## Collected material
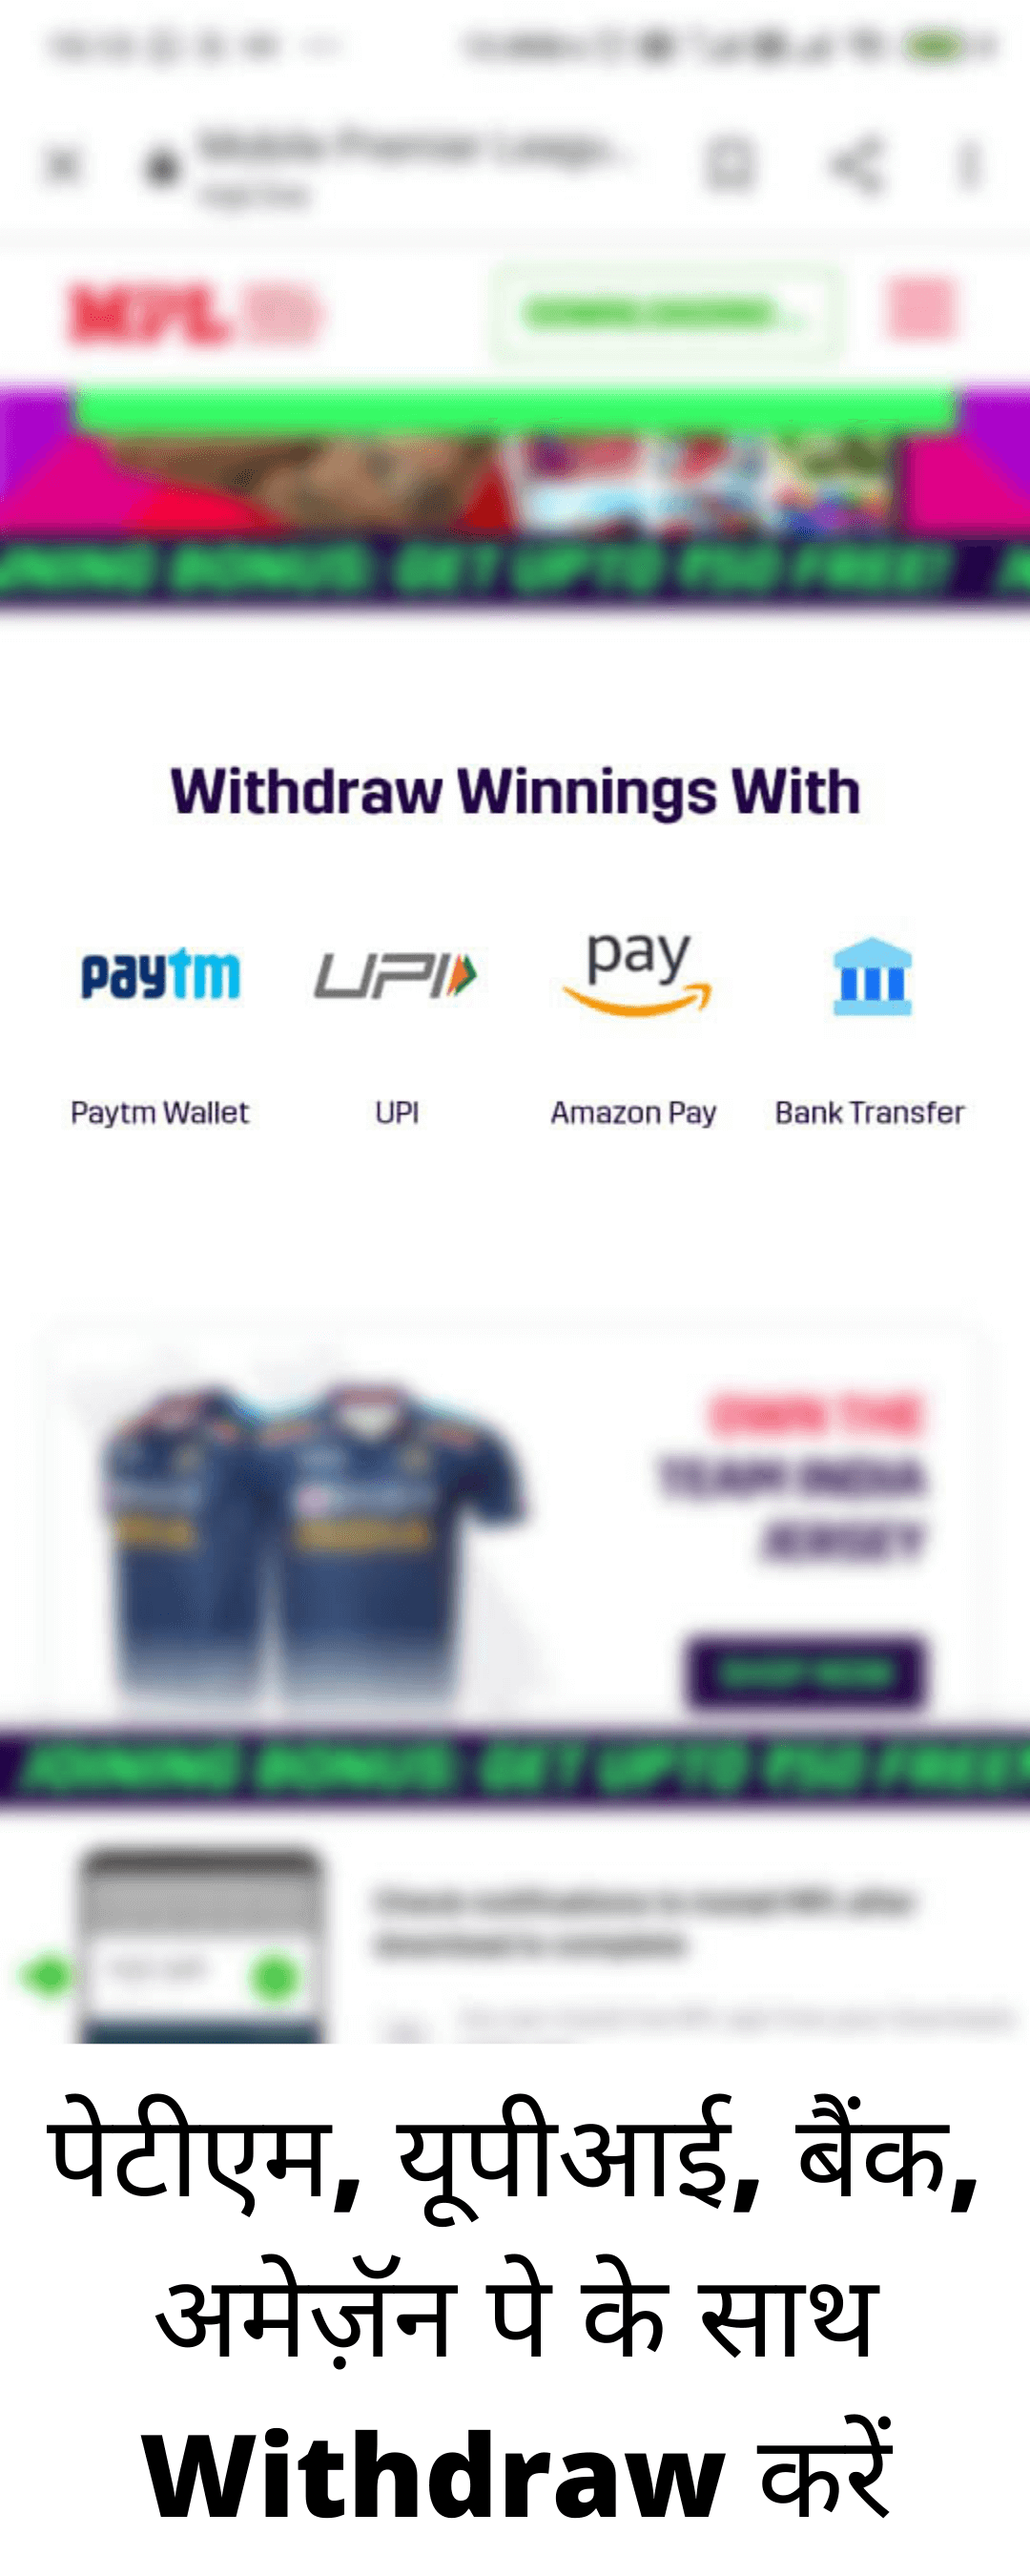 इसके बाद में आपको Mode of Transfer करना है जैसे की आप Paytm , UPI, Amazon Pay में भेजना चाहते है या फिर बैंक में.
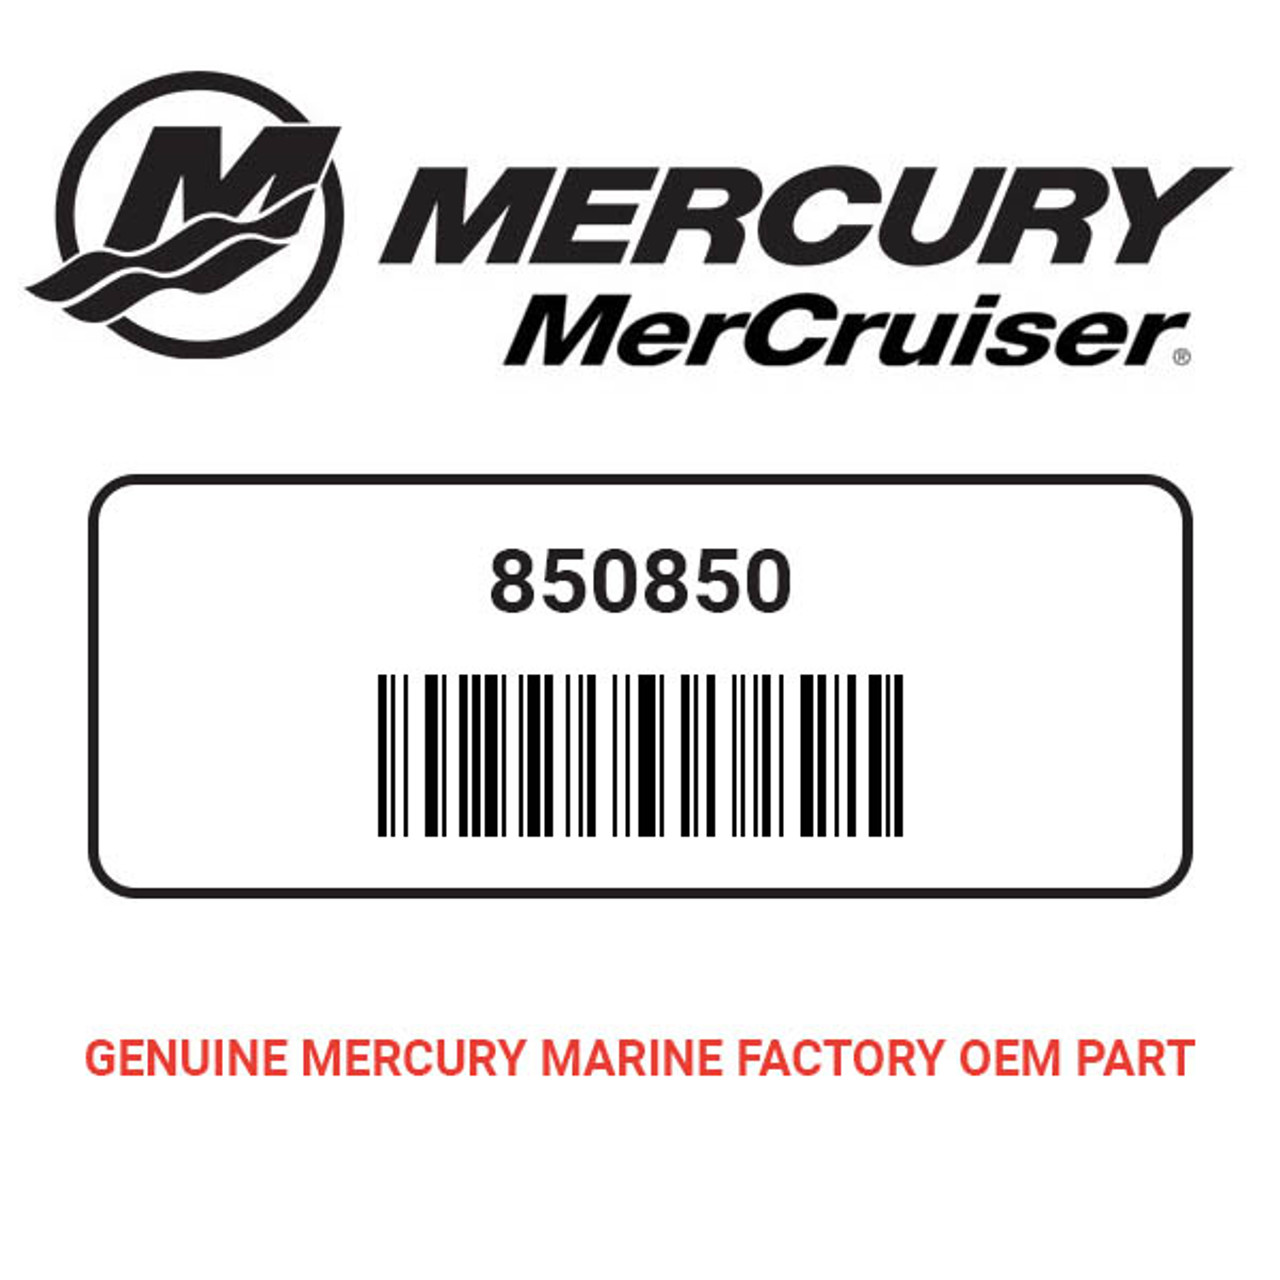 New Mercury Mercruiser Quicksilver Oem Part # 26-850850 Seal
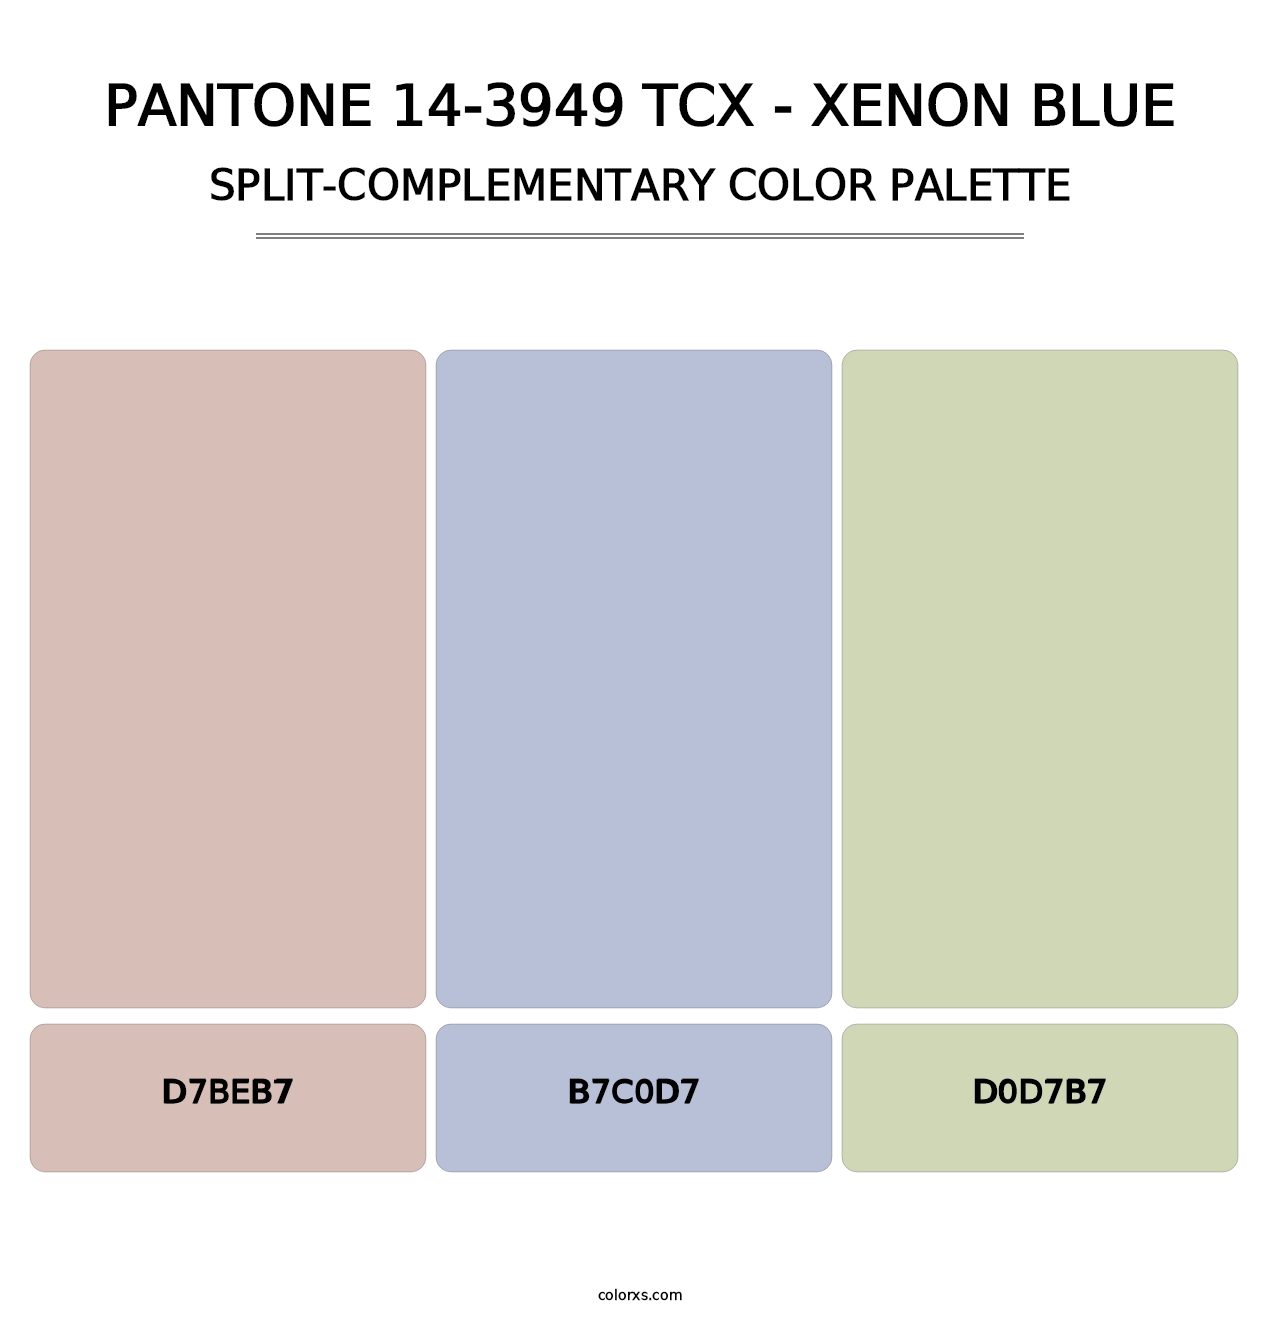 PANTONE 14-3949 TCX - Xenon Blue - Split-Complementary Color Palette

## Exercise brief
The answer must be an exact copy of the lines from the one that holds "New Mercury Mercruiser" through the end of the data, both included, with no pictures.

## Result of the task
 New Mercury Mercruiser Quicksilver Oem Part # 26-850850 Seal
 PANTONE 14-3949 TCX - Xenon Blue - Split-Complementary Color Palette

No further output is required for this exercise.